IONIA, Phokaia. Circa 625/522 BCE. Electrum Hekte – Sixth Stater. Image: CNG.
IONIA, Phokaia. Circa 625/522 BCE. Electrum Hekte – Sixth Stater. Image: CNG.

One of the earliest coins bearing the image of a griffin was issued by Phokaia (or Phocaea) in Ionia at an uncertain date around 600 BCE. On this little electrum hekte (2.55 grams), the head of the beast is rendered with its beak open and its tongue extended [In heraldry and numismatics, this would be refered to as langued.CoinWeek]. This archaic griffin has prominent upright ears, and a scaly rather than feathered neck. Behind the griffin’s head, a tiny seal (the marine mammal) is shown at full length. The seal was the badge of Phokaia, because the Greek word for seal, phoke, sounds like the name of the city. In a 2023 US auction, this rare coin brought $6,500 USD against an estimate of $2,000[2].

Kyzikos

Mysia, Cyzicus Electrum Stater circa 500-450 BCE. Image: Numismatica Ars Classica.
Mysia, Cyzicus Electrum Stater circa 500-450 BCE. Image: Numismatica Ars Classica.

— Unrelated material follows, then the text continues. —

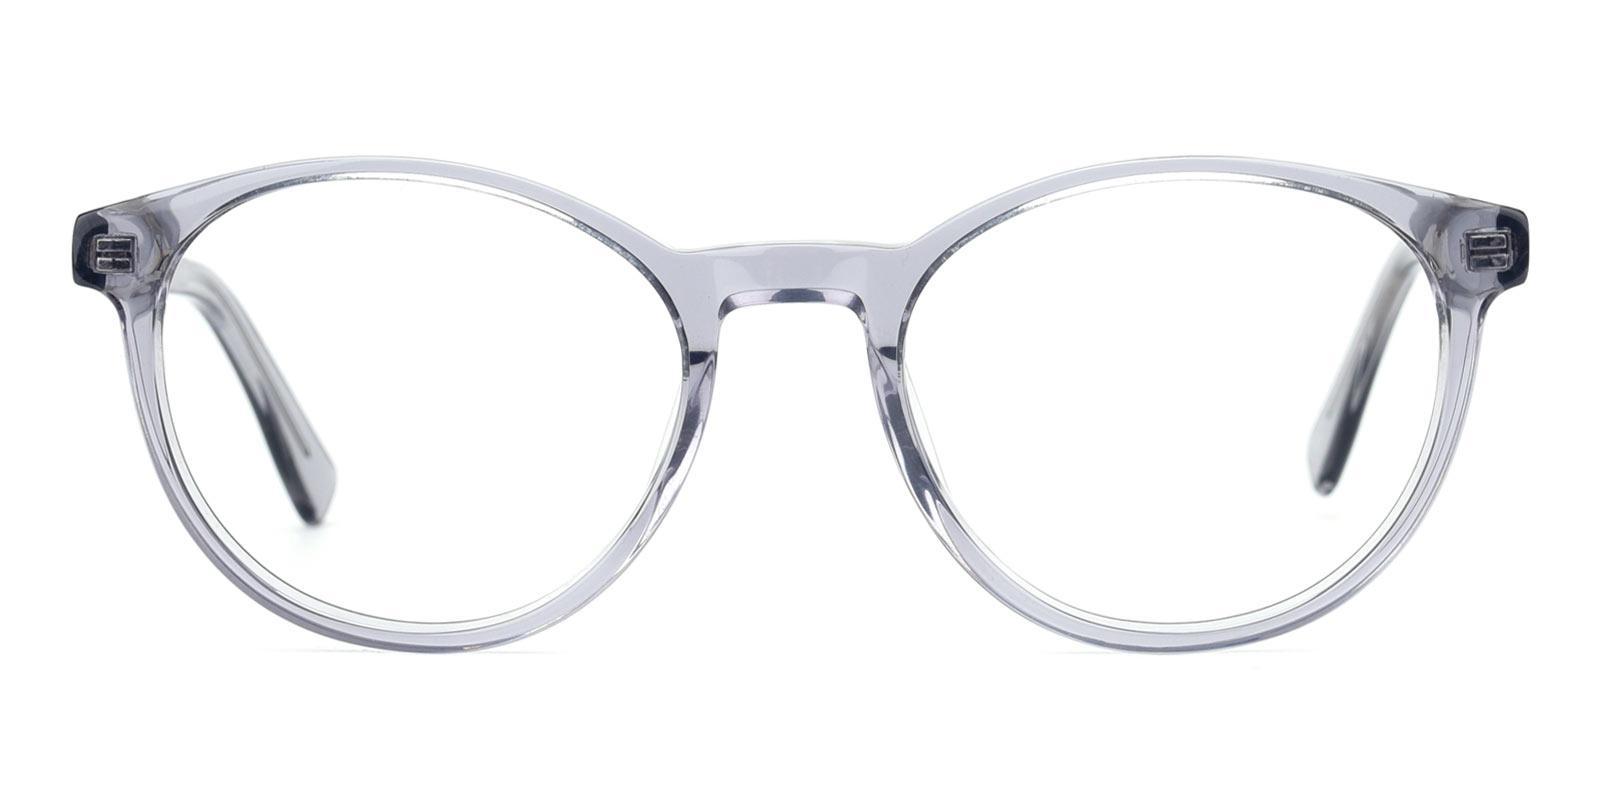 Cupid-Gray-Round-Acetate-Eyeglasses-detail

The city of Kyzikos (or Cyzicus) on the Sea of Marmara, prospered by harvesting the annual migration of tuna fish between the Mediterranean and the Black Sea. The fish appears as an emblem on the city’s lumpy electrum staters (which circulated widely in the ancient world) with designs that changed annually. On one type, dated to c. 500-450 BCE, we see a roaring griffin standing on the fish, with one paw raised[3].

Mysia, Kyzikos EL Stater. Circa 400-330 BCE. Image: Roma Numismatics.
Mysia, Kyzikos EL Stater. Circa 400-330 BCE. Image: Roma Numismatics.

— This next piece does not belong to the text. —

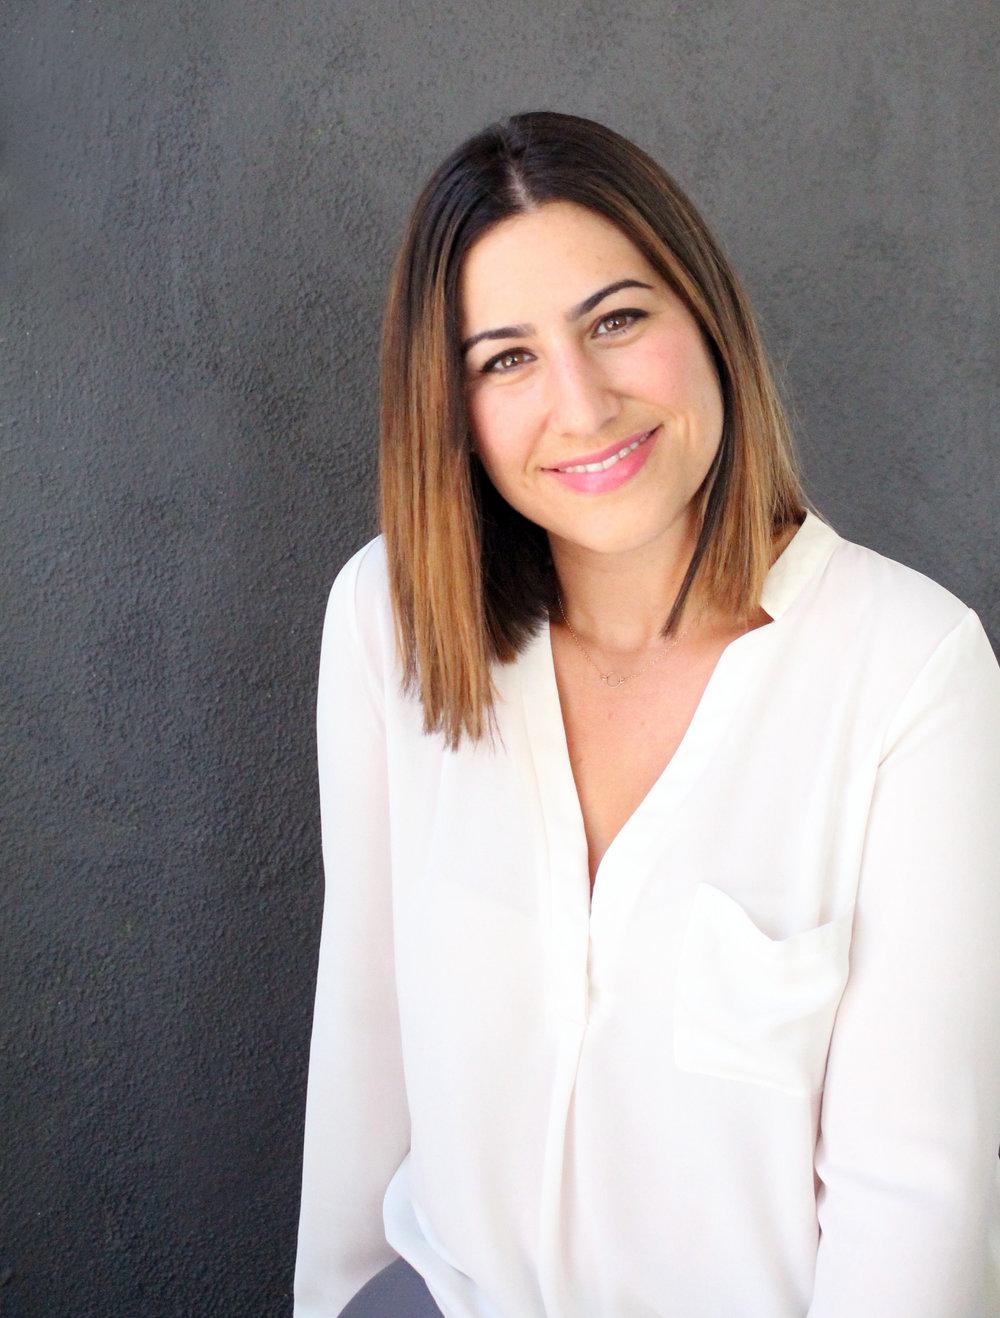 Arica Rosenthal

A century later, the coins were still lumpy(ish), but the designs were far more ambitious and the sculptural quality of the engraving was remarkable. An electrum stater dated to c. 400-330 BCE shows the muscular god Apollo riding on the back of a griffin in flight, his arm around the beast’s neck. This griffin has the head of a leopard, a common variation of how the creatures were depicted[4].

Teos

Ionia, Teos Silver Stater. Circa 478-449 BCE Image: Roma Numismatics.
Ionia, Teos Silver Stater. Circa 478-449 BCE Image: Roma Numismatics.

Teos[5] (near modern Sığacık, Türkiye) was one of the 12 cities that made up the “Ionian League”. Teos adopted the griffin as its civic emblem. A silver drachm in fine archaic style (c. 510-500 BCE) shows a griffin with curved wings raising one paw[6]. A generation or two later (c. 478-449), a silver stater in richly detailed classical style bears an elegant crouching female griffin[7].

IONIA, Teos. Circa 510-500 BCE. Silver Drachm. Image: CNG.
IONIA, Teos. Circa 510-500 BCE. Silver Drachm. Image: CNG.

In 546 BCE, the Persians invaded Ionia, and many people of Teos fled north to Abdera in Thrace, taking their griffin emblem with them. On coins of Teos, the griffin faces right, while on coins of Abdera, the griffin consistently faces left.

Abdera

Abdera, Silver Octodrachm circa 490. Image: Numismatica Ars Classica.
Abdera, Silver Octodrachm circa 490. Image: Numismatica Ars Classica.
Abdera. Circa 360-350 BCE. Silver Tetrobol. Image: CNG.
Abdera. Circa 360-350 BCE. Silver Tetrobol. Image: CNG.

Described as “[v]ery rare and in exceptional condition for the issue. Of magnificent Archaic style and with a superb old cabinet tone,” a large silver octodrachm (29.94 grams) of Abdera shows a stylized griffin within a dotted border, its head thrown back, raising a paw[8]. Dated c. 490 BCE, these massive coins used the abundant silver from nearby mines. This coin was formerly in the famous collection of Texas oilman Nelson Bunker Hunt.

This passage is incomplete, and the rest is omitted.